We can extend the same derivation for the above homogenous model for populations with multiple age groups, following Andreasen (2011). The age-dependent ODEs are defined as follows:

\[ \frac{d S(a,t)}{d t} = -S(a,t) \sum_b \beta_{ab} I(b,t) \\ \frac{d I(a,t)}{d t} = S(a,t) \sum_b \beta_{ab} I(b,t) -\gamma I(a,t) \] Where \(\beta_{a,b}\) is the transmission rate from group \(b\) to group \(a\). If we define \(R_{a,b} =\beta_{a,b}/\gamma\) to be group specific reproduction number, we can rearrange the above and integrate to derive an expression for the final size in each age group:

\[ - \gamma \sum_b R_{a,b} I(b,t) = \frac{d S(a,t)}{d t} \frac{1}{S(a,t)} \\ - \gamma \sum_b R_{a,b} \int_0^\infty I(b,t) ~dt = \int_0^\infty \frac{d S(a,t)}{d t} \frac{1}{S(a,t)} ~dt = \mathrm{log}~S(a,\infty) -\mathrm{log}~S(a,0) = \mathrm{log}~\frac{S(a,\infty)}{S(a,0)} \\ -\gamma \int_0^\infty I(a,t) ~dt = \int_0^\infty \frac{d S(a,t)}{d t} +\frac{dI(a,t)}{dt} ~dt = S(a,\infty) -S(a,0) ~. \] and hence:

\[ \mathrm{log}~\frac{S(a,\infty)}{S(a,0)} = - \sum_b R_{a,b} [ S(b,\infty) -S(b,0)] \]

If we define \(\underline\phi = (\phi_1, ... \phi_n)\) to be a vector of final sizes in each of \(n\) age group, we can rewrite the above as

\[ \mathrm{log}~\underline\phi -\mathbf{R} (1-\underline\phi) = 0 = F(\underline\phi) \] where \(\mathbf{R}\) is a matrix with entries \(R_{i,j}\).
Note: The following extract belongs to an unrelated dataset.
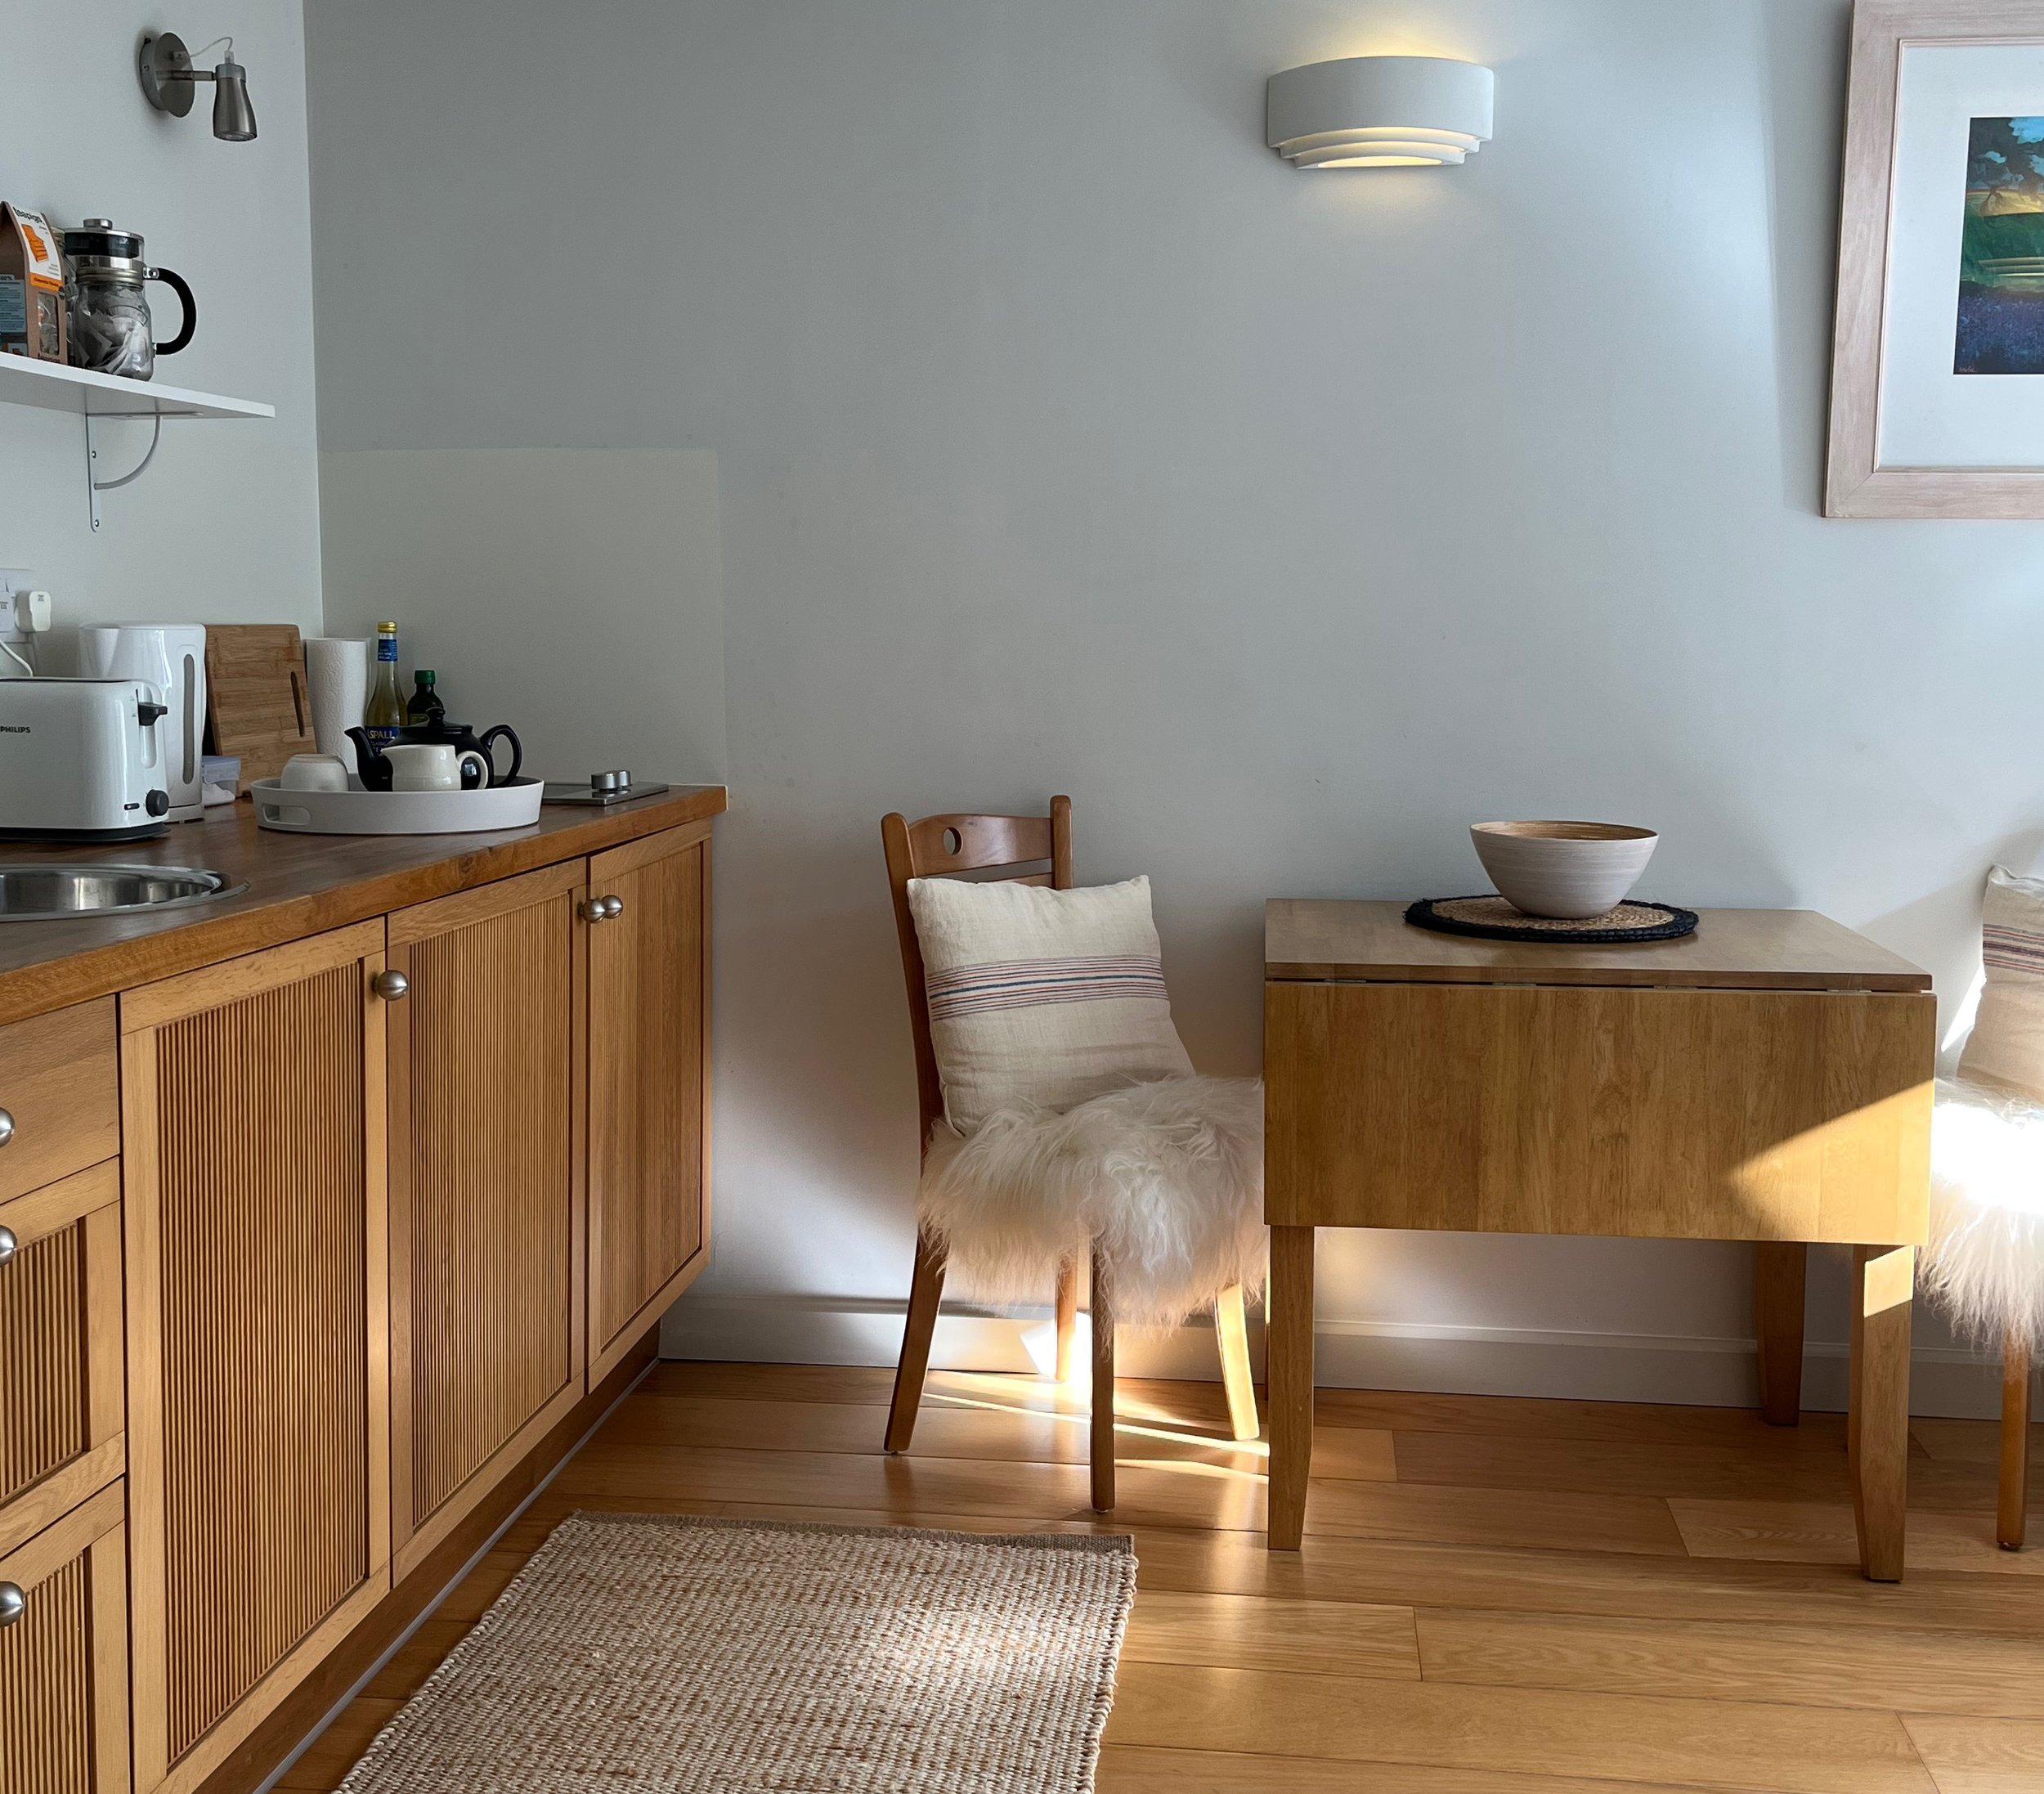 Ennys Cornwall_Trencrom Studio Suite kitchen and dining (Copy)

Once again, we can use Newton’s method, this time with \(\underline\phi\) as a vector, and hence we need to solve a set of linear equations in step 2.


Andreasen, Viggo. 2011. “The Final Size of an Epidemic and Its Relation to the Basic Reproduction Number.” Bulletin of Mathematical Biology 73 (10): 2305–21.
Miller, Joel C. 2012. “A Note on the Derivation of Epidemic Final Sizes.” Bulletin of Mathematical Biology 74 (9): 2125–41.